I once read a quote on a card that said, "A Dad is someone who holds you when you cry, scolds you when you break the rules, shines with pride when you succeed, and has faith in you even when you fail." I found myself thinking how true this is in regards to my husband, and how my dad was with me. However, the one major statement that this card was missing is, "A Dad is someone who will love you unconditionally, through and through."
As I sit here and reflect on the last 332 days that flew by so fast, I am trying to digest all that has happened since our little man was allowed to relocate and call Seattle his permanent home. All the visits that initially happened every other weekend for six months straight, eventually turned into once a month visits in Seattle. And now our first summer with our "not so little one" for the majority of the time in California, is done and gone. My husband and I soaked up every minute with him. But now, the LEGOS, the trucks, the cars and all emergency vehicles are put away. The size 6 clothes are washed, folded and tucked in their drawers and his newly redesigned room has become the storage place, once again, as we prep to begin our monthly visits to Seattle.
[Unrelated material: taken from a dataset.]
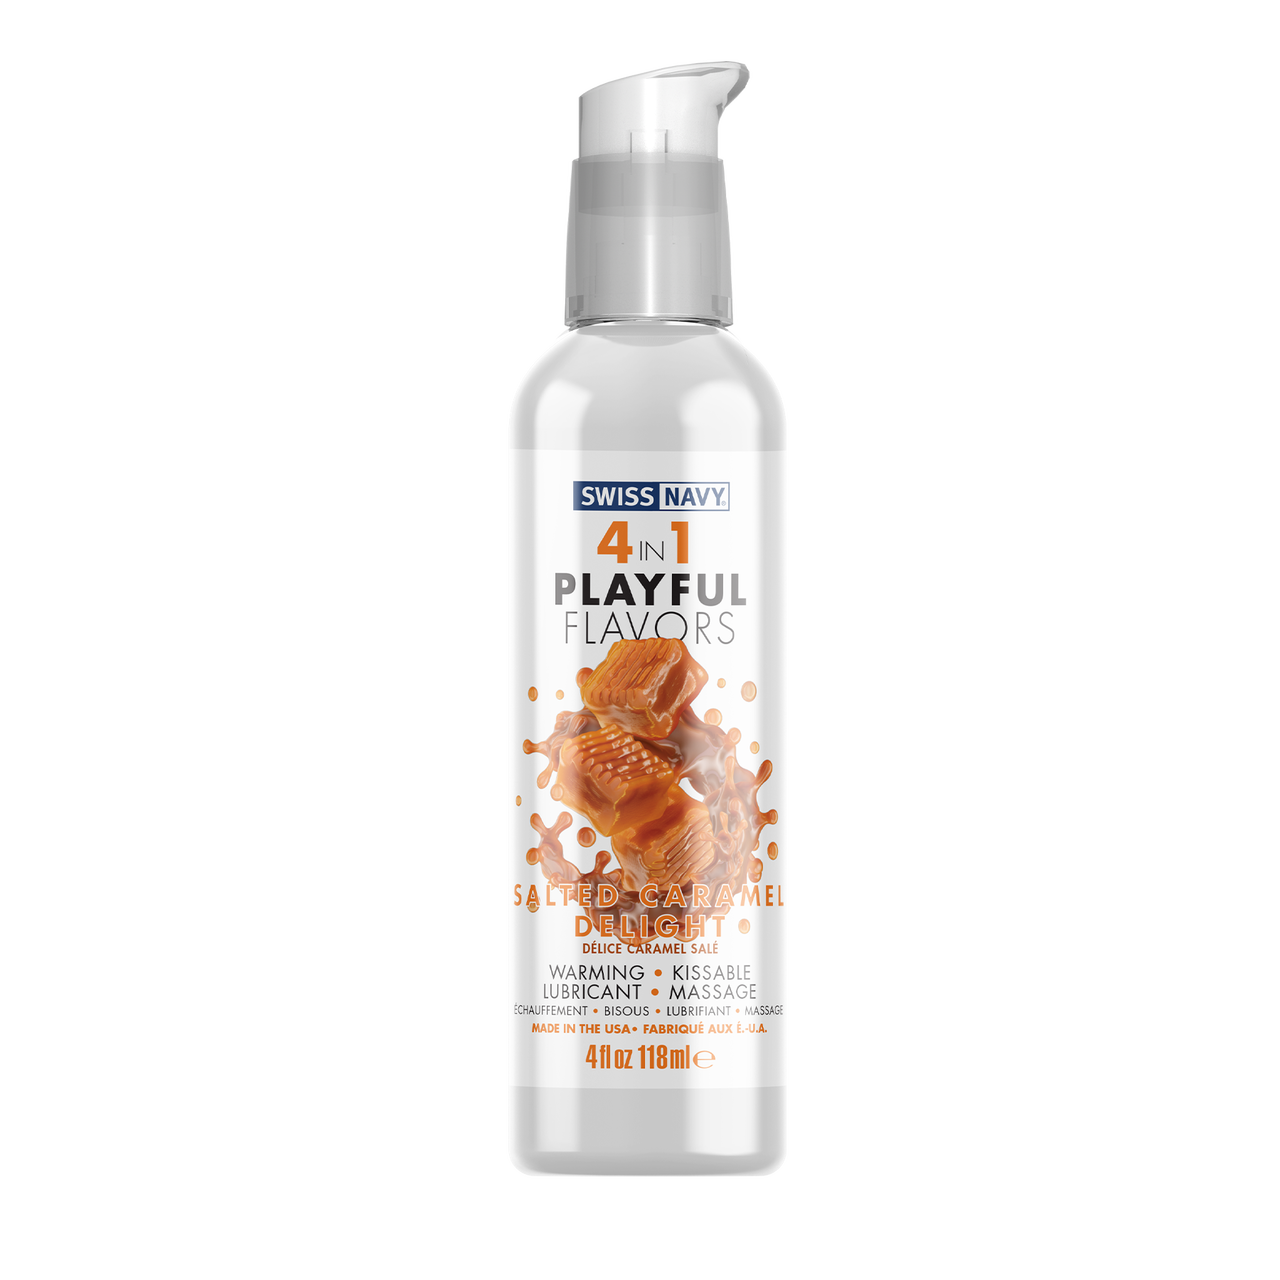 4in1 Playful Flavors -Salted Caramel 4oz
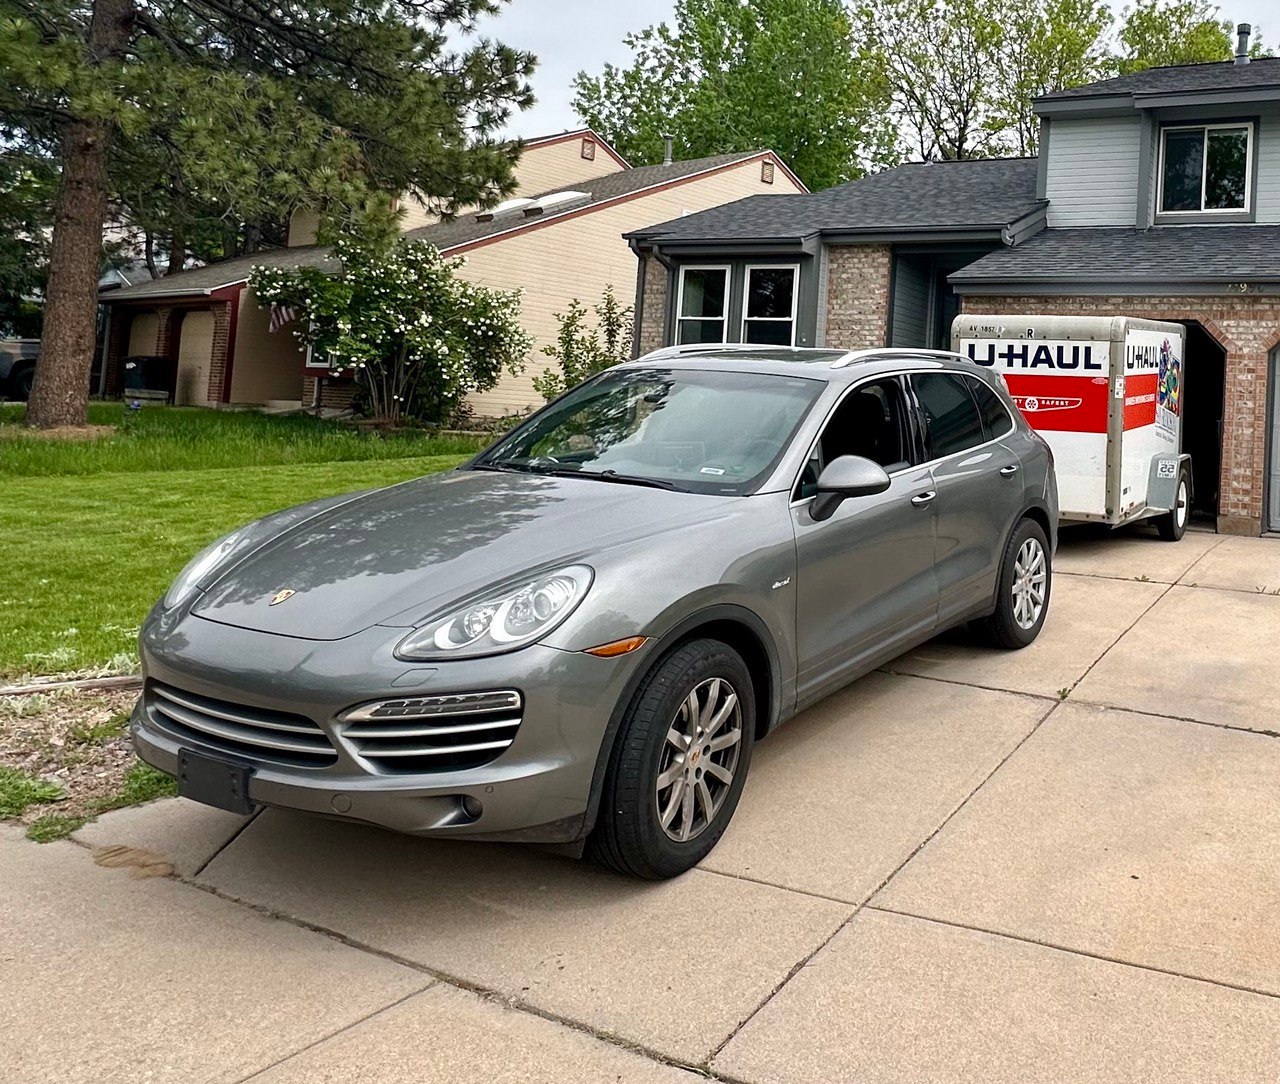 Porsche Cayenne in front of a house pulling a U-Haul trailer

As I think back to the last time we were in Seattle, a bittersweet feeling comes over me. It was Father's Day Weekend. Both my husband and I now have to give up this celebratory day with our dads, whom we both love and cherish immensely, BUT, we are lucky enough to have this day/weekend with our special boy - who is exactly like his dad. This was also going to be our very first Father's Day as a little family of three. This commemorative Father's Day weekend away seemed to weigh quite a bit more on my husband, than it did with me. (Sorry, DAD!!) I was super excited to go and I was especially excited to celebrate my man and his mini! I started scheming a month before we went. I had projects going on, hiding crafts, banners and posters, then packing them just so, being careful that the Mr. didn't see anything that I had up my sleeve in the suitcase that he was to bring. Thankfully, there were a couple Skype conversations between just the mini and me before my husband got home from work. Therefore, he was in on all my secrets and could lend his wise words. I wanted to give this one of a kind dad, a weekend he would never forget.
Now, if you're in a situation such as ours, you know just how hard it is, to be your own child's dad. You fight hard, you do all you can to be included and involved, you love more than ever before, and yet you are constantly put down, not included, not validated and continually belittled. It's truly a wonder how such a strong man can continue on and have any self esteem or fight left. So, I was determined to praise the love of my life and shower him with encouragement, our hearts and little gifts from his little man and myself. Not to mention, I had everyone in our immediate and extended family write words of encouragement, share wisdom, or remind this exceptional dad, of sweet memories that I turned into a book. I wanted to surprise and shower this amazing man, with something new everyday for the duration of our time in Seattle. And that I did. It ended with a surprise car show in Issaquah and then an afternoon at Snoqualmie Falls, climbing all over the rocks and creating memories with our adventures.
Surprised and shocked, were definitely the immediate expressions from our celebrated man. But, the reciprocated love and thanks, resulted in so many hugs and verbal praises to the little man. So many smiles and sweet conversations between a father and a son. Both, so proud of their role and both, so happy to celebrate this Father's Day together. Sure, our six year old had his thirteen year old attitude present and was vocal at times, but the tone was set. This one weekend was all about Dad. A Dad who holds him when he cries, scolds him when he breaks the rules, shines with pride when he succeeds, and has faith in him even when he fails. But, most of all, loves him unconditionally, through and through.